Placki z kaszy z sosem grzybowym

czas przygotowania: ok. 40 minut, jeśli sos oraz kaszę i placki robię równolegle tj. przeplatając czynności (jeśli kolejno: najpierw sos, potem placki, to potrzeba więcej czasu)
/proporcje dla 3-4 osób (ok. 10 placków)/

szybki sos grzybowy

  • spora garść suszonych grzybów
  • 2 szklanki wody (połowa do odparowania tak, by finalnie w garnku została 1 szklanka)
  • sól i pieprz do smaku
  • 2-3 łyżki sosu sojowego
  • 2 łyżeczki mąki pszennej (ew. ziemniaczanej)
  • do wyboru:
    – niewielka ilość wody/mleka/śmietany (do rozprowadzenia)
    – lub 1 łyżka masła (do zasmażki)
  • siekana natka pietruszki

Tytułem wstępu:
– Sos można ugotować wcześniej i tylko podgrzać lub
– gotować go w międzyczasie i wtedy od niego zacząć
(w prezentowanej wersji jest dość sprawny do ugotowania i rzeczywiście można go zrobić w międzyczasie, naprzemiennie wykonując czynności związane z poniższymi plackami oraz z sosem).
– Oczywiście można sięgnąć po dowolny ulubiony sos grzybowy, ten dzisiejszy to tylko taka szybka propozycja, po którą zwykle sięgam, gdy nie mam czasu na długie namaczanie i gotowanie grzybów.
– Sięgam po grzyby suszone, ale można gotować sos ze świeżych, jak i taki bardziej kaloryczny z masłem i śmietaną. Dzisiaj szybko i z prostych składników.

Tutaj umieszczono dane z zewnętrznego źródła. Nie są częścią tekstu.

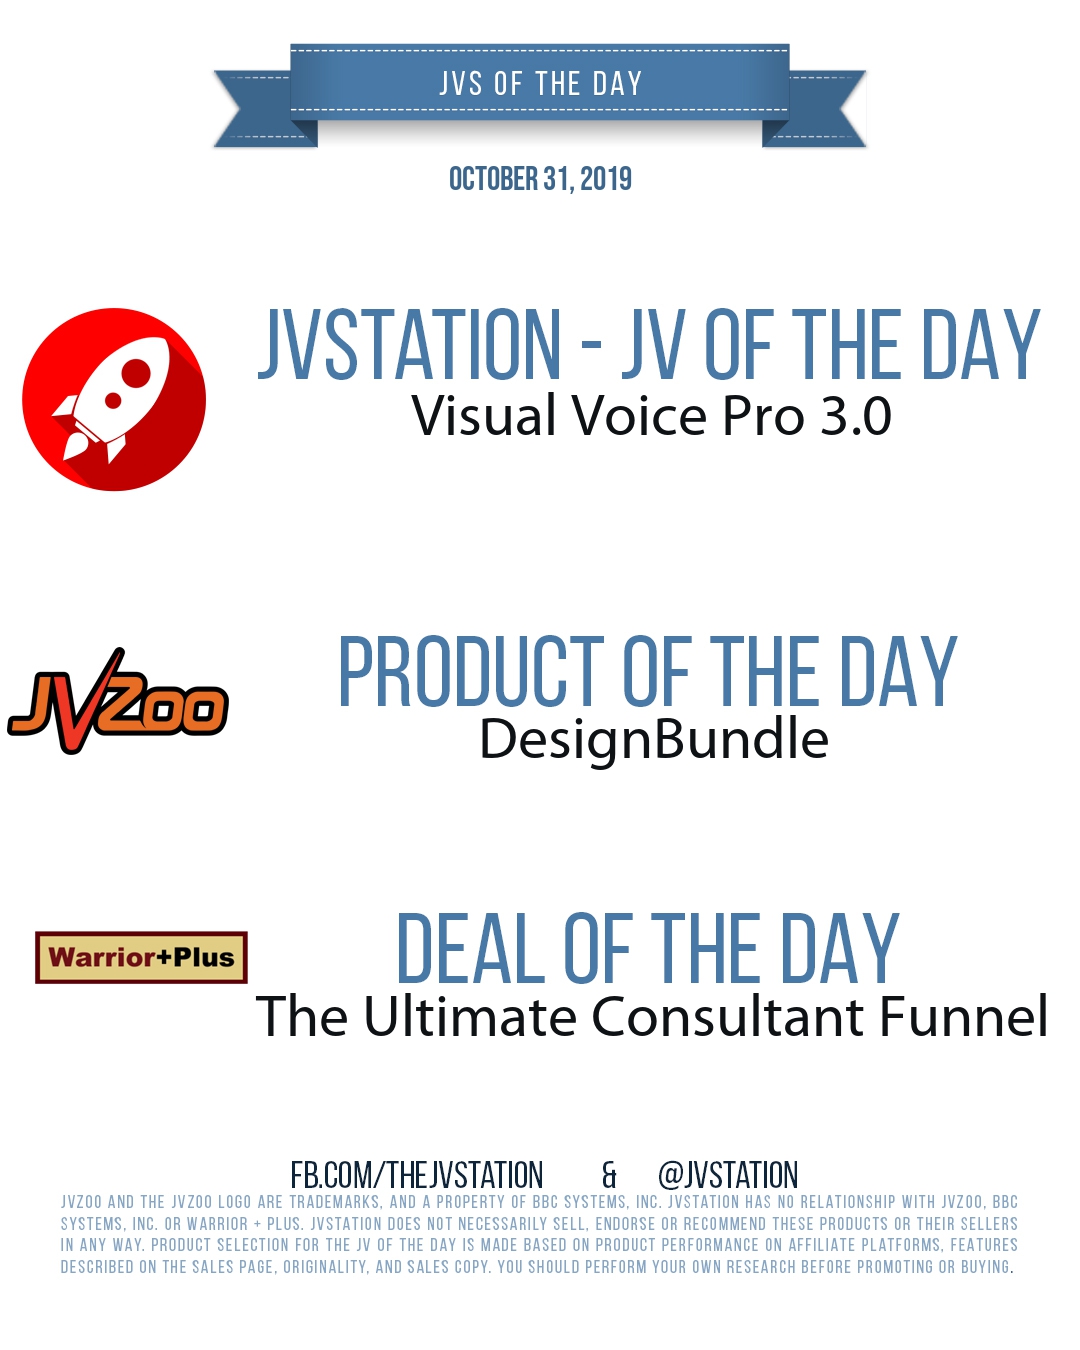 JVs of the day - October 31, 2019

Grzyby wkładam do garnka. Zalewam dużą ilością wody (dużo = mniej więcej dwa razy więcej niż chcę mieć sosu). Włączam grzanie i gotuję na ostrym ogniu.

Po mniej więcej 15 minutach w garnku mam bardzo aromatyczny bulion. Wtedy dokładam przyprawy, mieszam i gotuję kolejne kilka minut.
Na koniec zagęszczam –albo zasmażką, albo mąką rozprowadzoną w wodzie lub mleku lub śmietanie. Ja rozprowadzam mąkę w niewielkiej ilości mleka tak, by nie było grudek, wlewam, energicznie mieszam i zagotowuję. Kosztuję, jeśli trzeba doprawiam –ja zwykle dodaję tylko sos sojowy dla lepszego smaku.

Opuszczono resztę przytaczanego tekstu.